[[ Given data open ]]

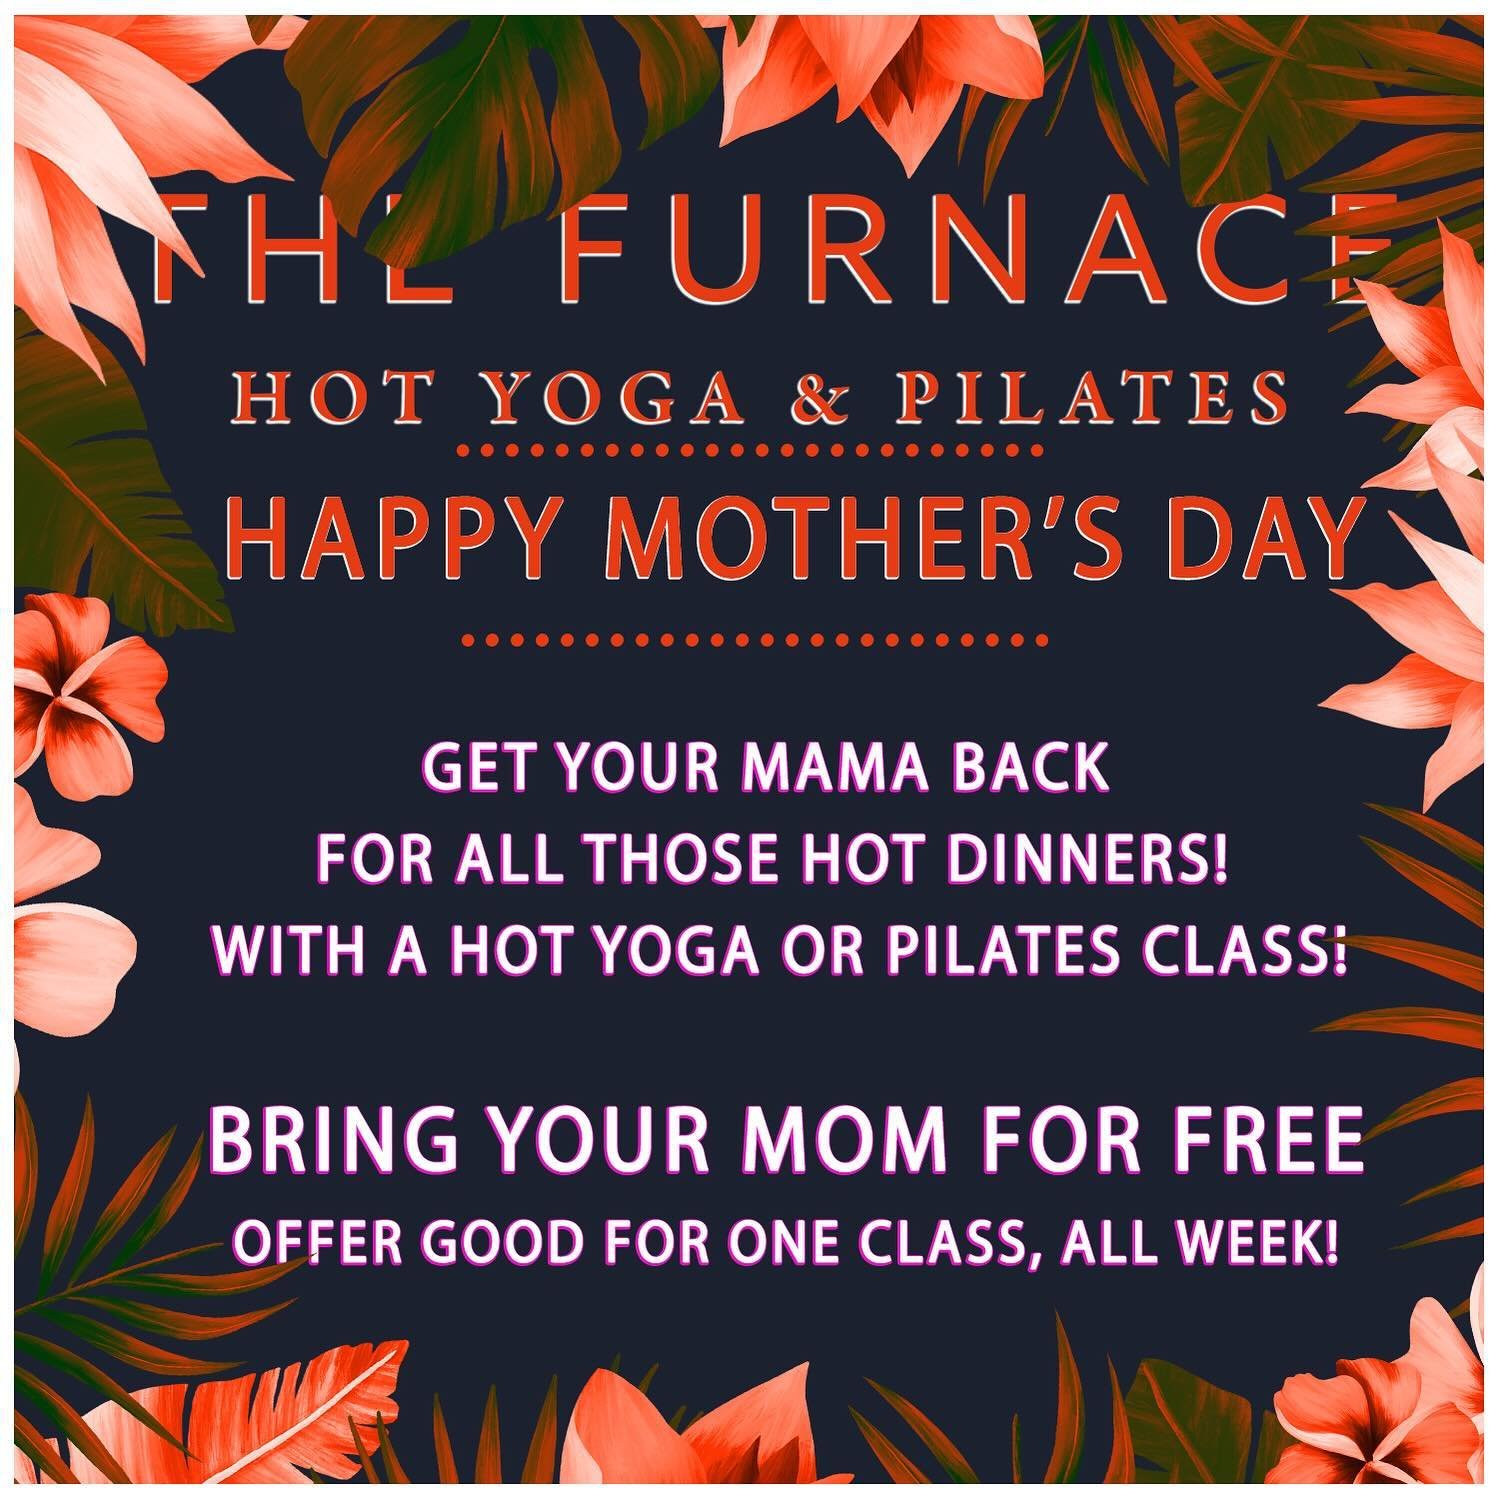 Happy Mother&rsquo;s Day! 
This offer is good for the whole week! Sunday to Saturday.
Open to First Timer&rsquo;s &amp; to your moms who have already taken class with us.

Have her register and fully fill out a profile, then text us her name and whic
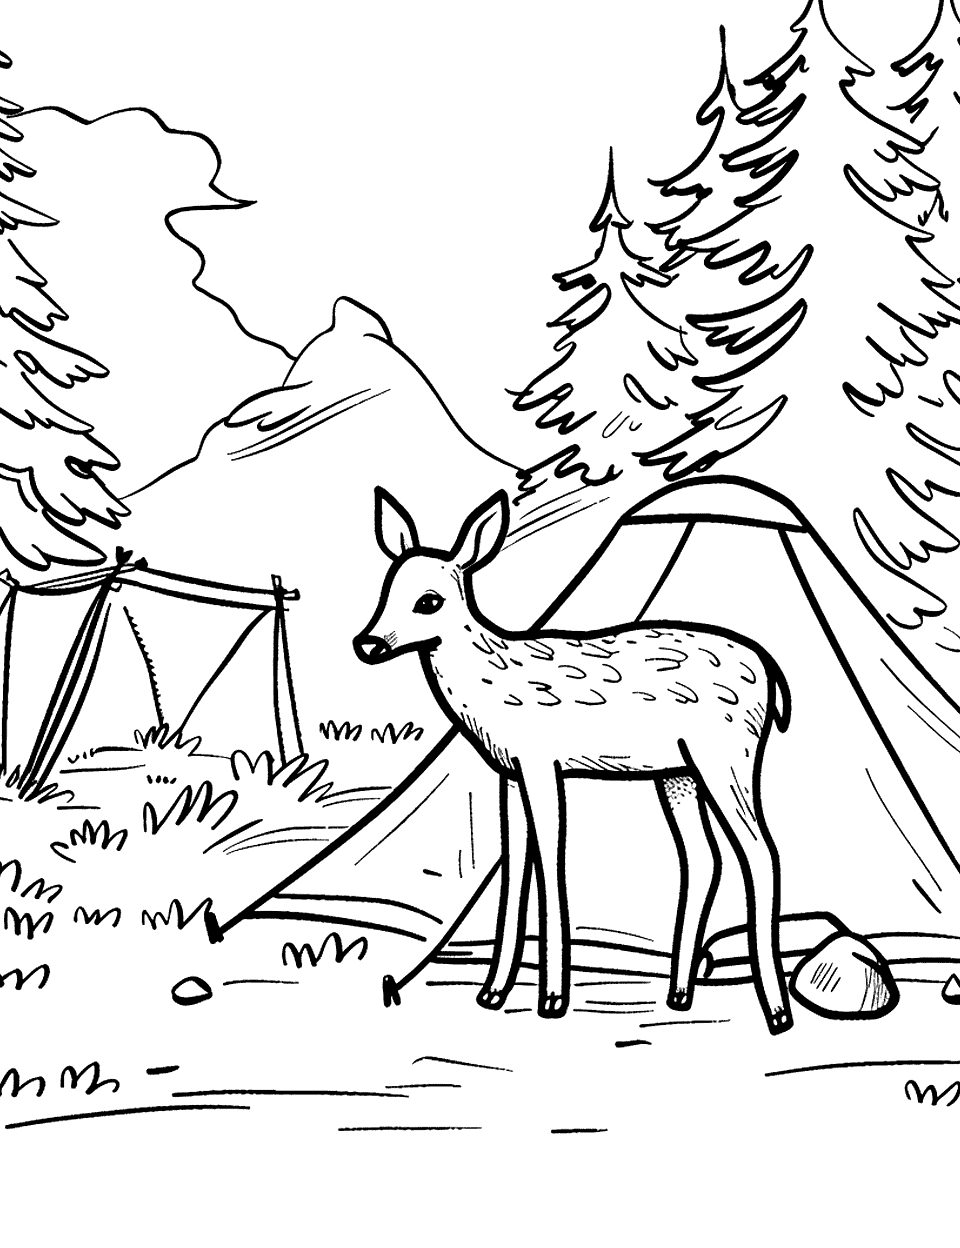 Forest Animals Watching Campers Camping Coloring Page - A deer watching a campsite out of curiosity.
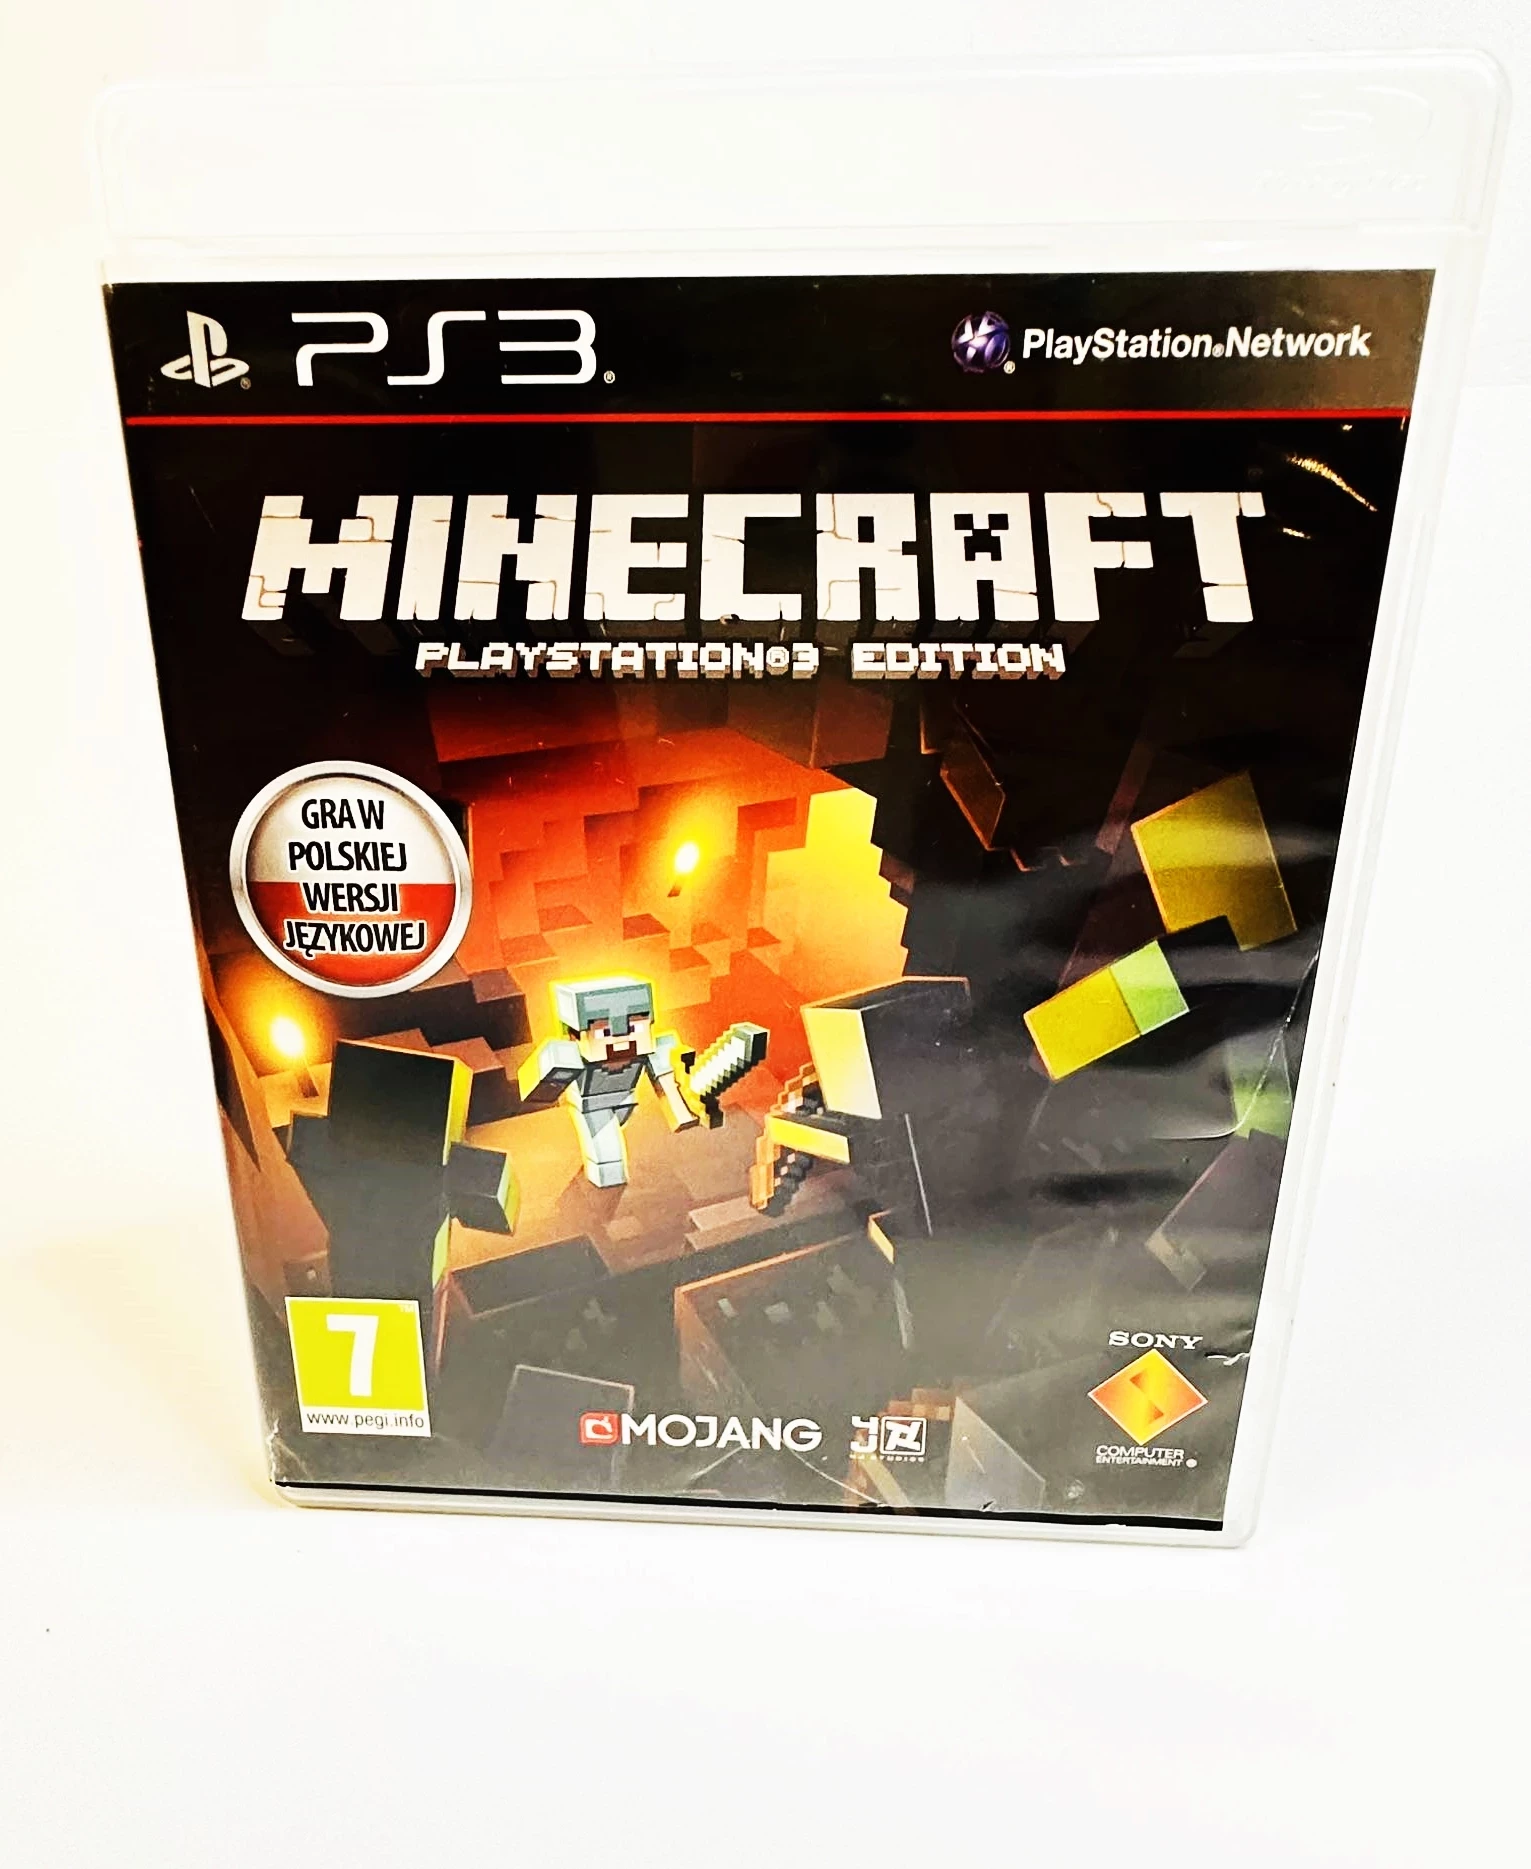 Minecraft: Playstation 3 Edition has failed to load, and cannot continue.  - MCPS3: Discussion - Minecraft: Playstation 3 Edition - Minecraft: Editions  - Minecraft Forum - Minecraft Forum
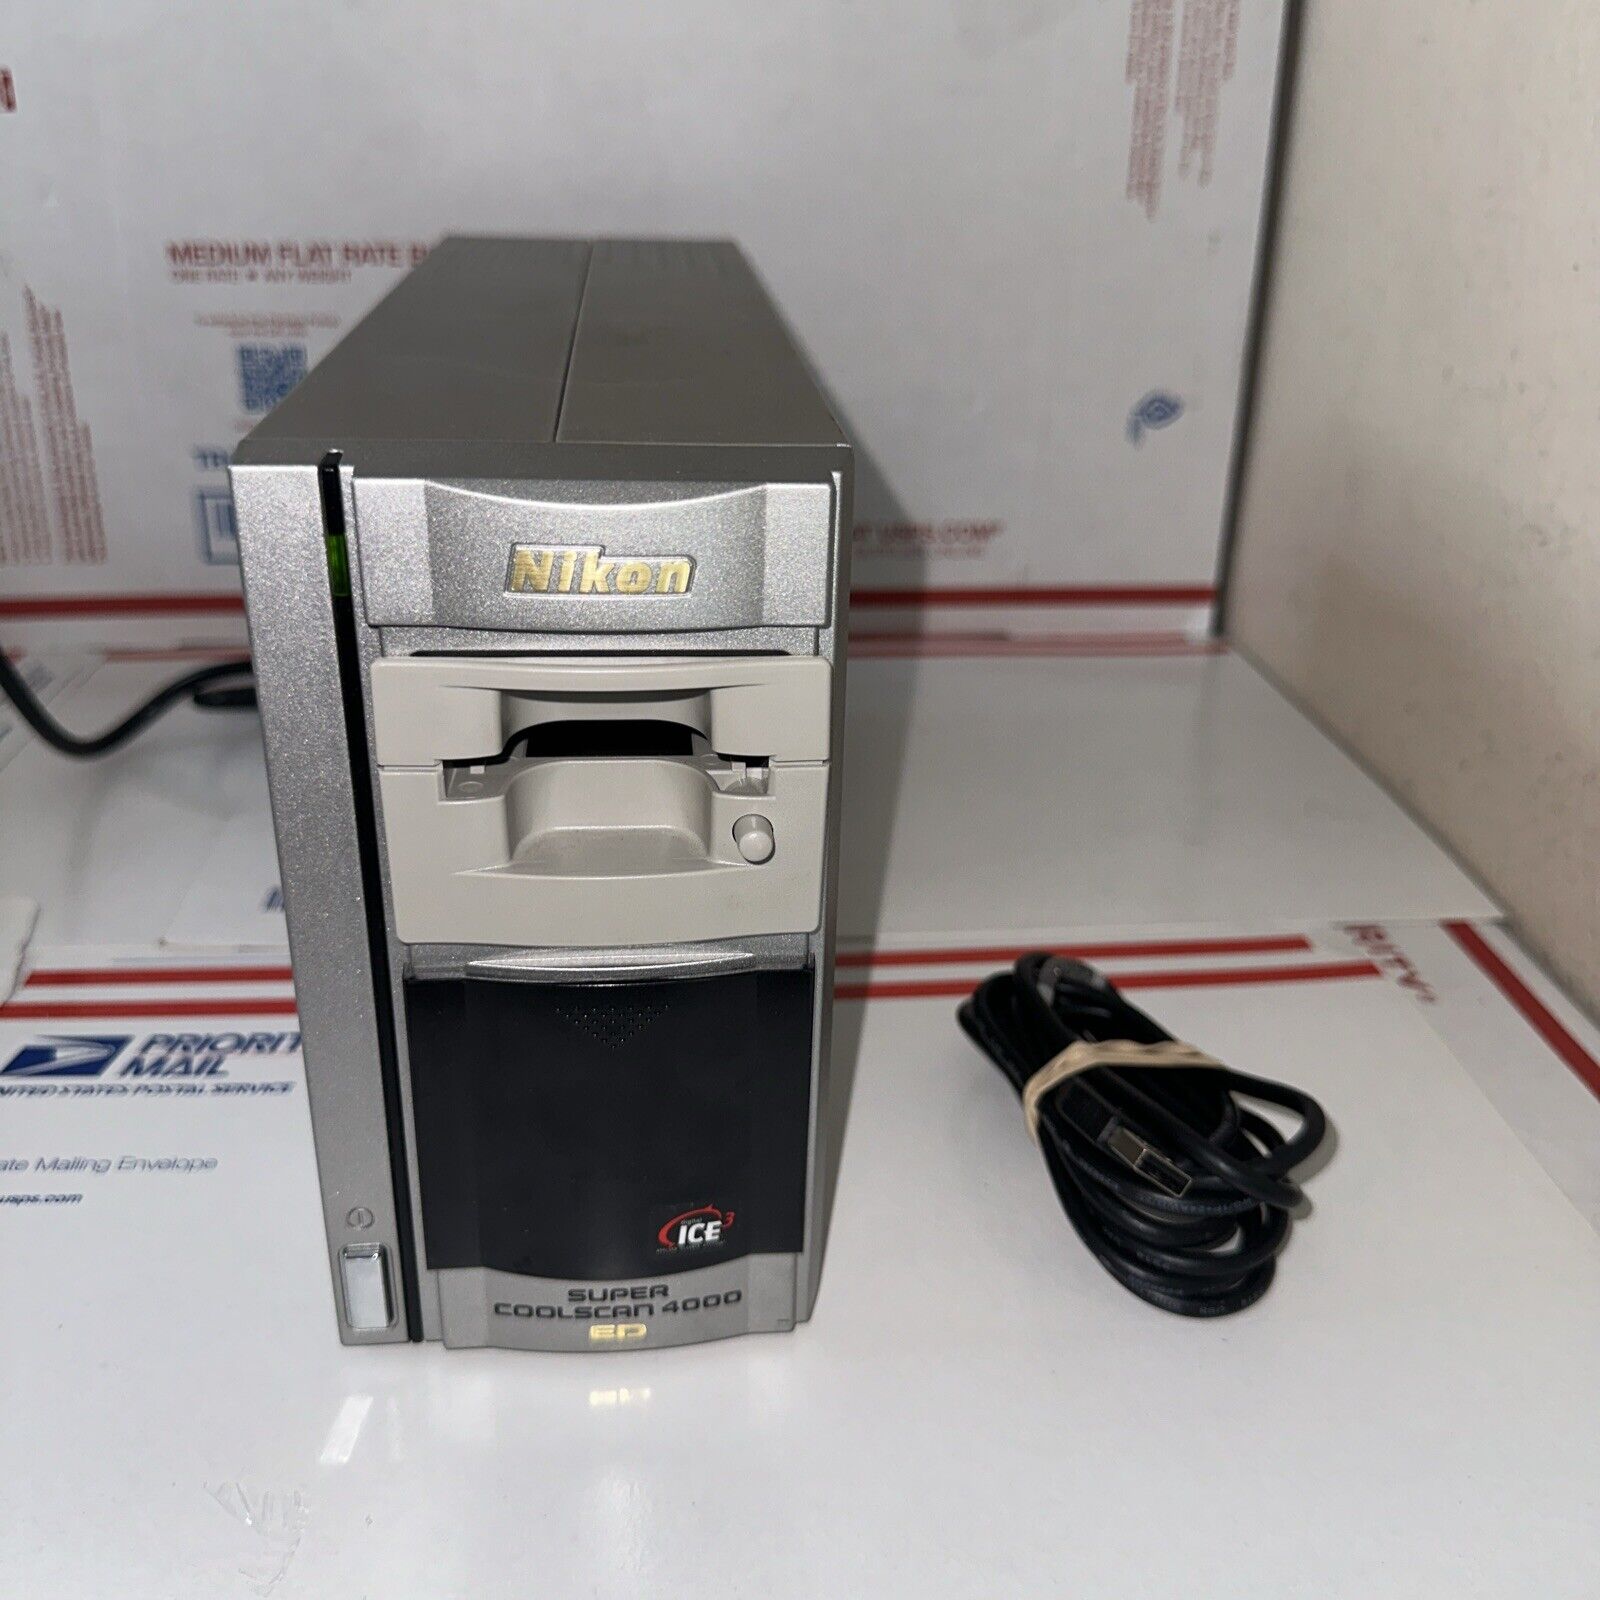 Nikon LS-4000 ED Super Coolscan 4000 Film Scanner Untested Powers On

[[ Given data closed ]]

Reproduce, with the pictures omitted, exactly those lines that run from the line with "Have her register" to the last line of the material, both ends included.

**Response to the task**
Have her register and fully fill out a profile, then text us her name and whic
 Forest Animals Watching Campers Camping Coloring Page - A deer watching a campsite out of curiosity.
 Minecraft: Playstation 3 Edition has failed to load, and cannot continue.  - MCPS3: Discussion - Minecraft: Playstation 3 Edition - Minecraft: Editions  - Minecraft Forum - Minecraft Forum
 Nikon LS-4000 ED Super Coolscan 4000 Film Scanner Untested Powers On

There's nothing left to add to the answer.